Case Reports in Medicine (Jan 2014)

A Pancreatic Head Tumor Arising as a Duodenal GIST: A Case Report and Review of the Literature

  • Fabian Bormann,
  • Wolfgang Wild,
  • Hüseyin Aksoy,
  • Pius Dörr,
  • Sanja Schmeck,
  • Matthias Schwarzbach

DOI
https://doi.org/10.1155/2014/420295
Journal volume & issue
Vol. 2014

Abstract

Read online

Gastrointestinal stromal tumors (GISTs) are rare mesenchymal tumors of the gastrointestinal tract that originate from the intestinal cells of Cajal (ICC) (Fletcher et al., 2002).

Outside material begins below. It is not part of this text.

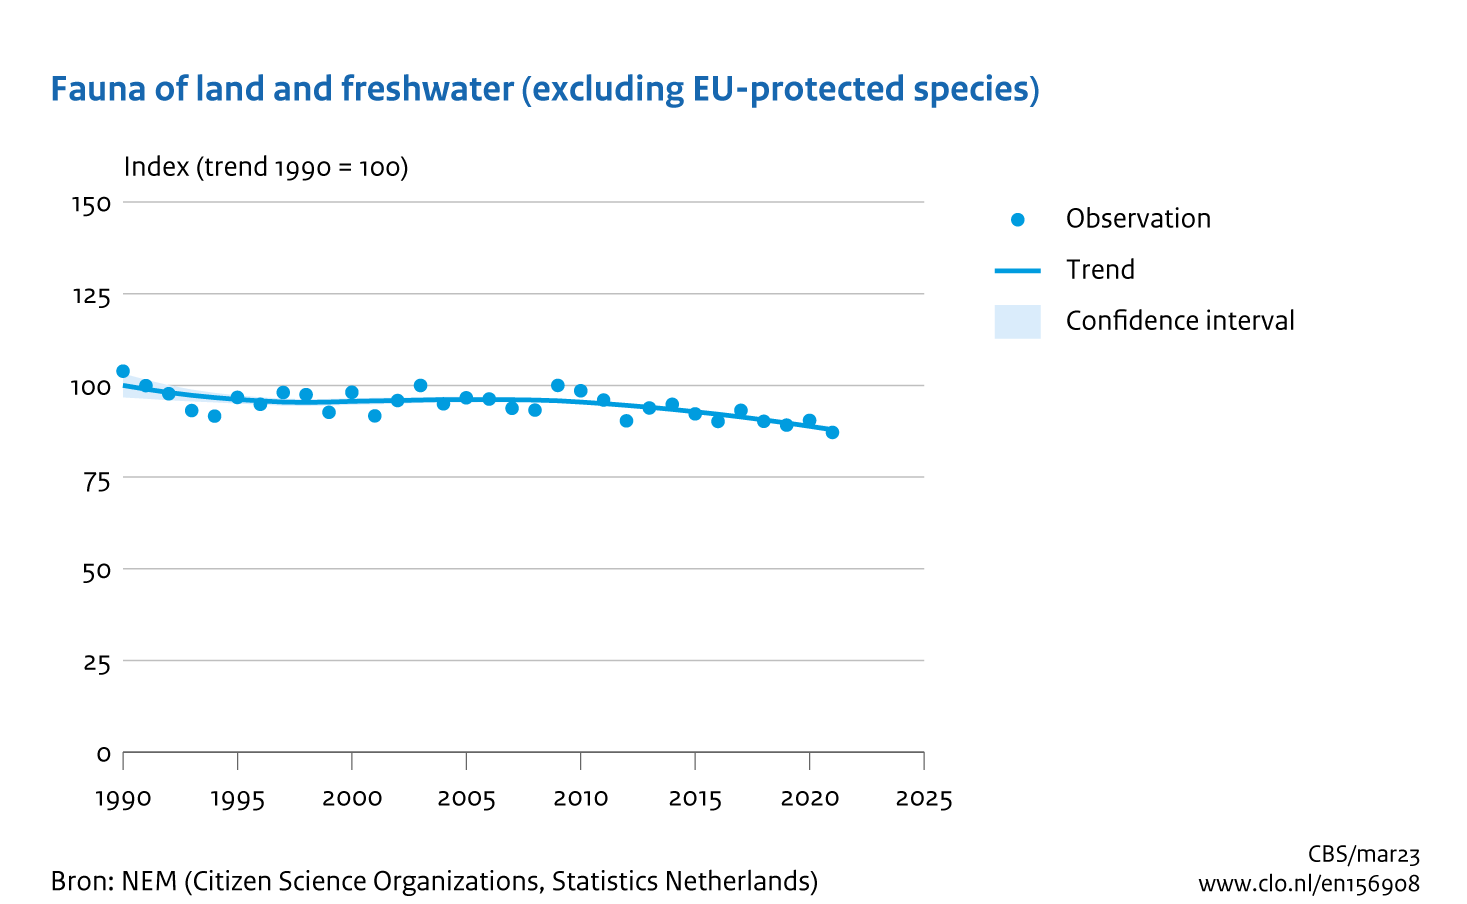 Image LPI excl. EU protected species. The image is further explained in the text.

Only a few cases have been described with extragastrointestinal stromal tumors (Kim et al., 2012; Soufi et al., 2013; Meng et al., 2011). They are often diagnosed as a pancreatic head tumor as they are very difficult to relate to the duodenum with CT, MRI, or ultrasound. We present a case of a sixty-four-year-old woman who presented with abdominal pain and cardialgia for a follow-up examination after breast cancer surgery. On laparotomy there was a 3 × 5 cm hypervascular mass arising from the pancreatic head with macroscopically no attachment to the duodenum. The patient underwent pancreatoduodenectomy (PD) modified after Traverso-Longmire, histopathology proved a duodenal GIST. This case proves that duodenal GISTs can grow invasively into the pancreas and appear as solid pancreas head tumor; therefore, these tumors should be included into differential diagnosis.